> **Dataset section**:

%%

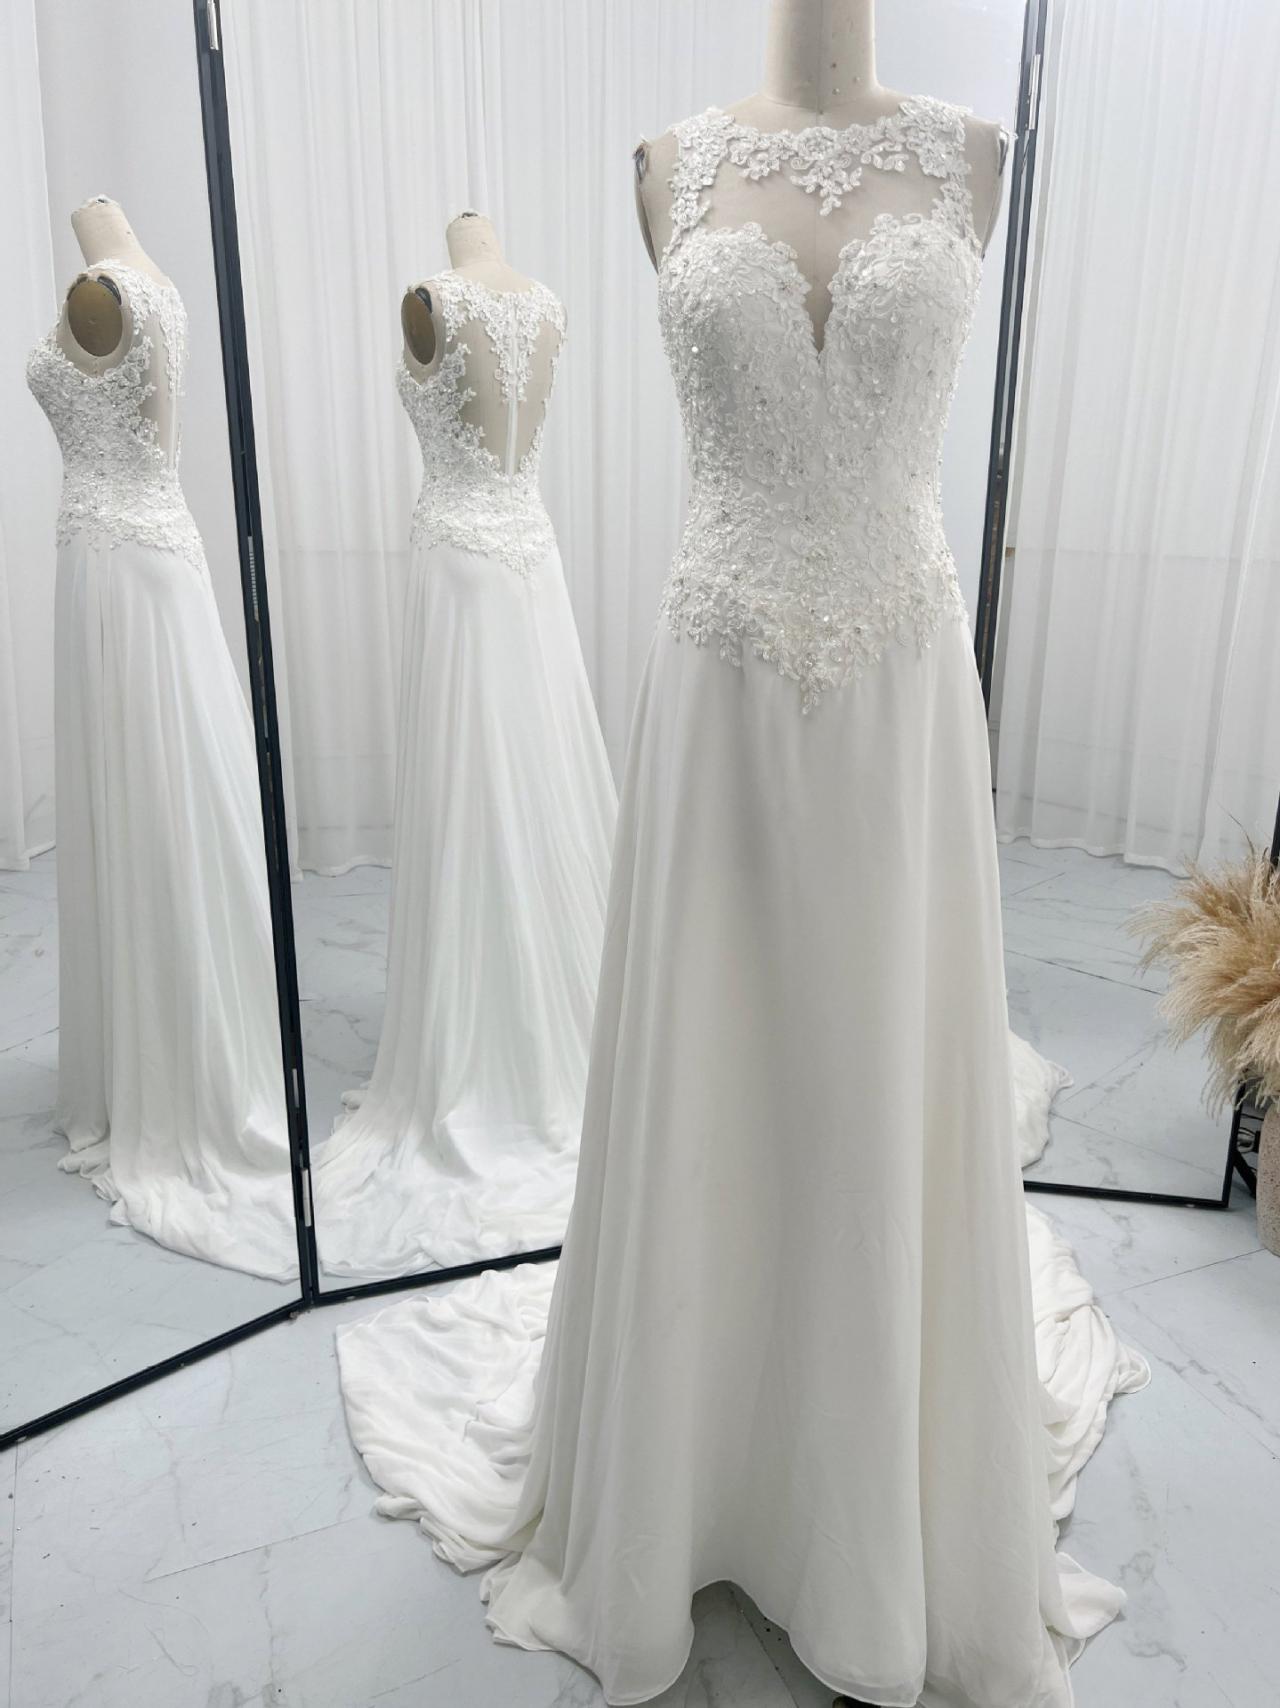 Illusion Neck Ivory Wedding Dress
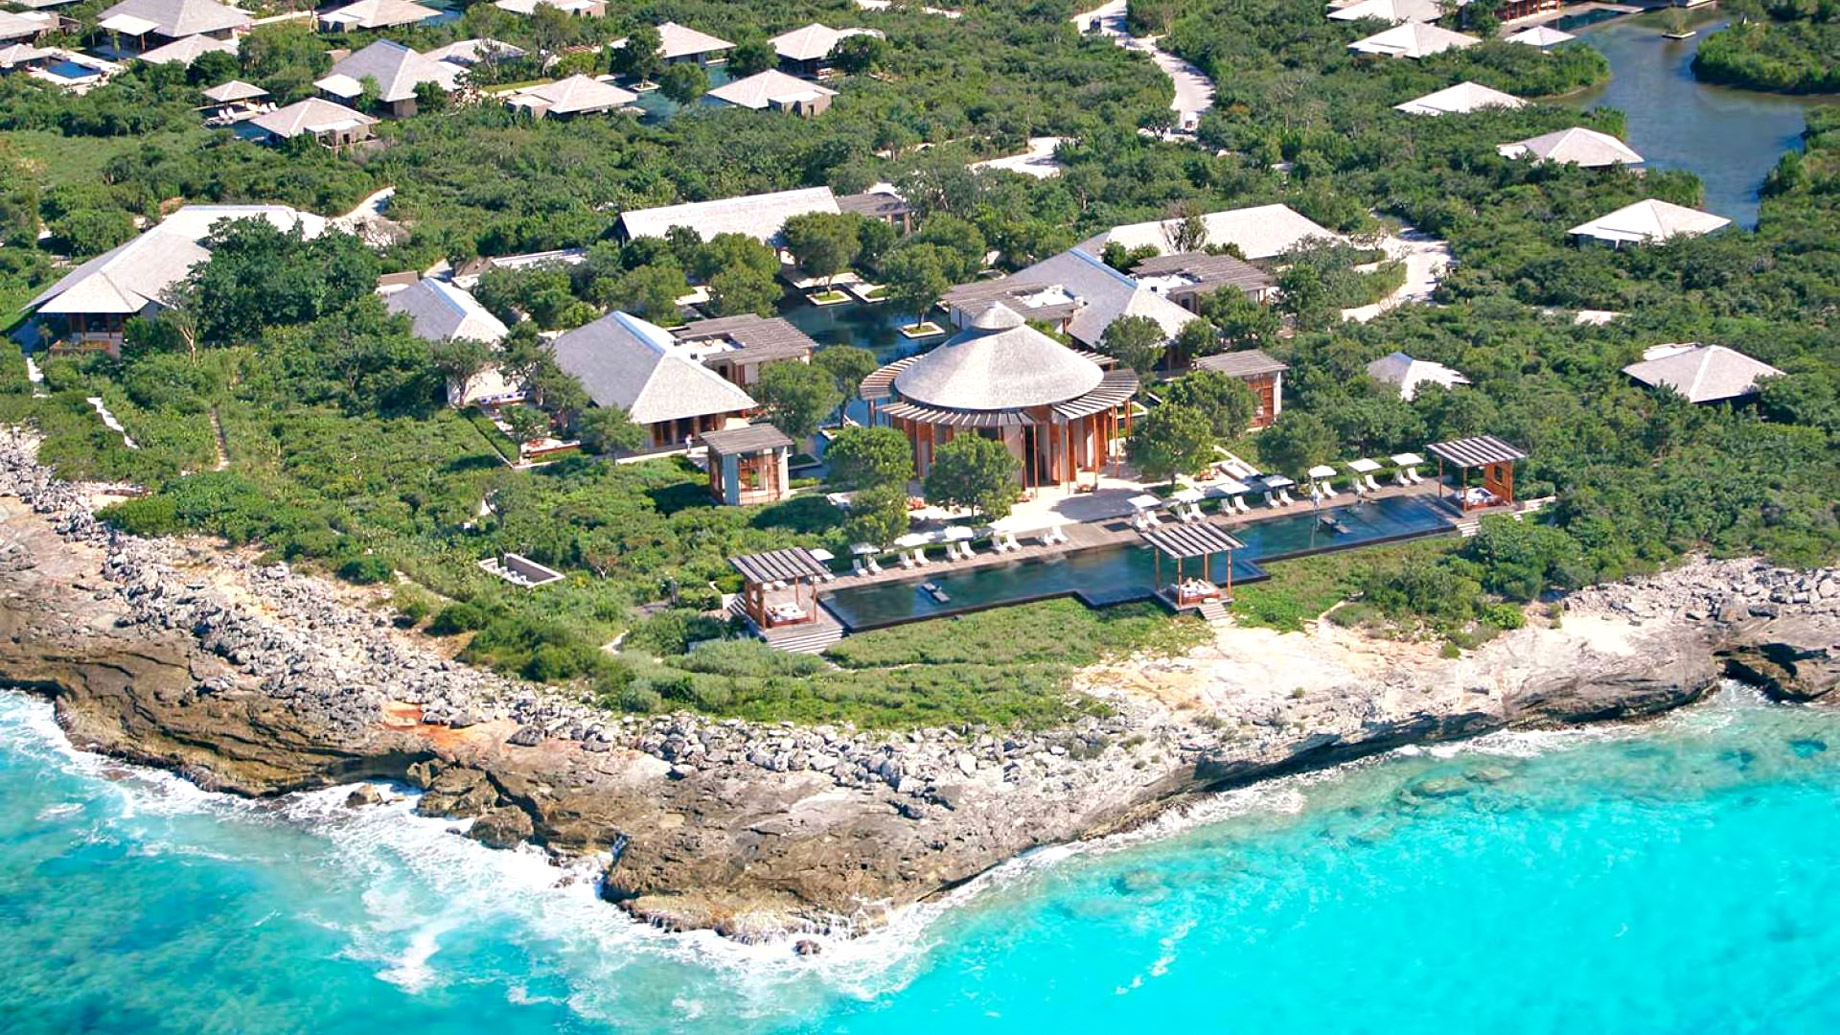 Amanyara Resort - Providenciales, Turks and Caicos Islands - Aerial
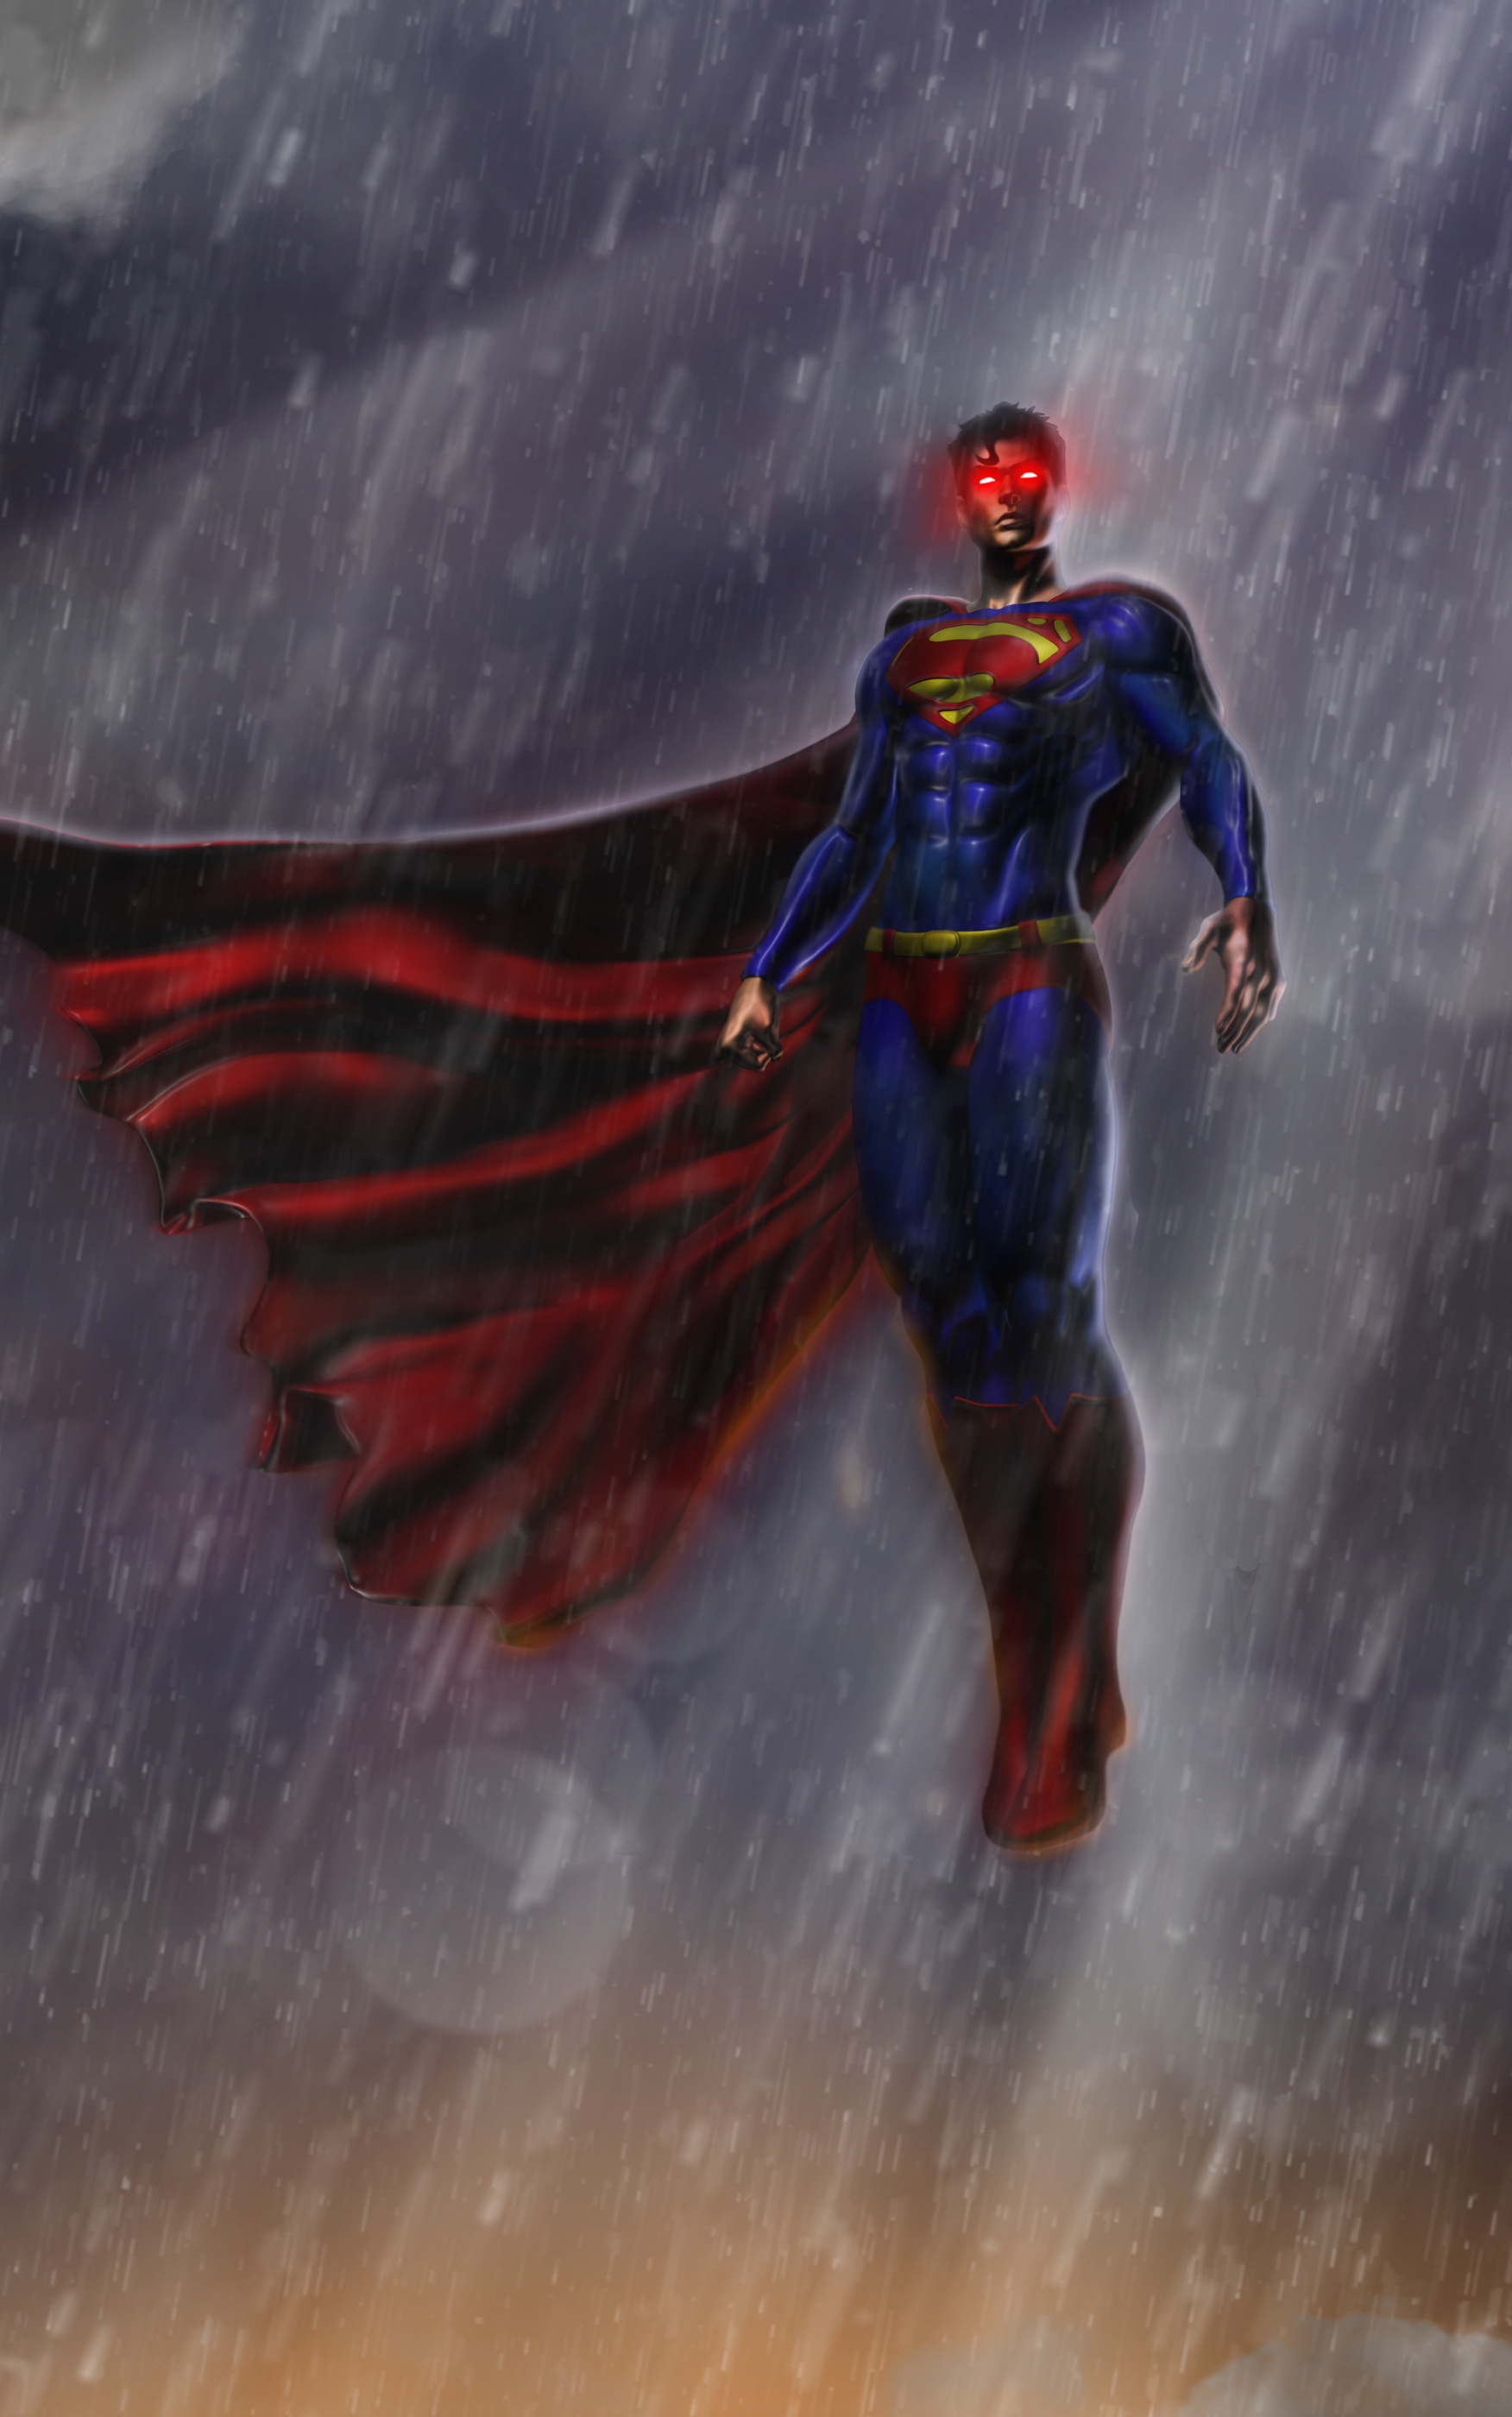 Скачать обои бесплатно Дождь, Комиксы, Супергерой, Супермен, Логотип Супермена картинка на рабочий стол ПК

%%

Your reply should hold only the lines running from the one with "Amanyara Resort - Providenciales, Turks" to the end of the data above, set down exactly, pictures omitted.

> **Your solution**:
 Amanyara Resort - Providenciales, Turks and Caicos Islands - Aerial
 Скачать обои бесплатно Дождь, Комиксы, Супергерой, Супермен, Логотип Супермена картинка на рабочий стол ПК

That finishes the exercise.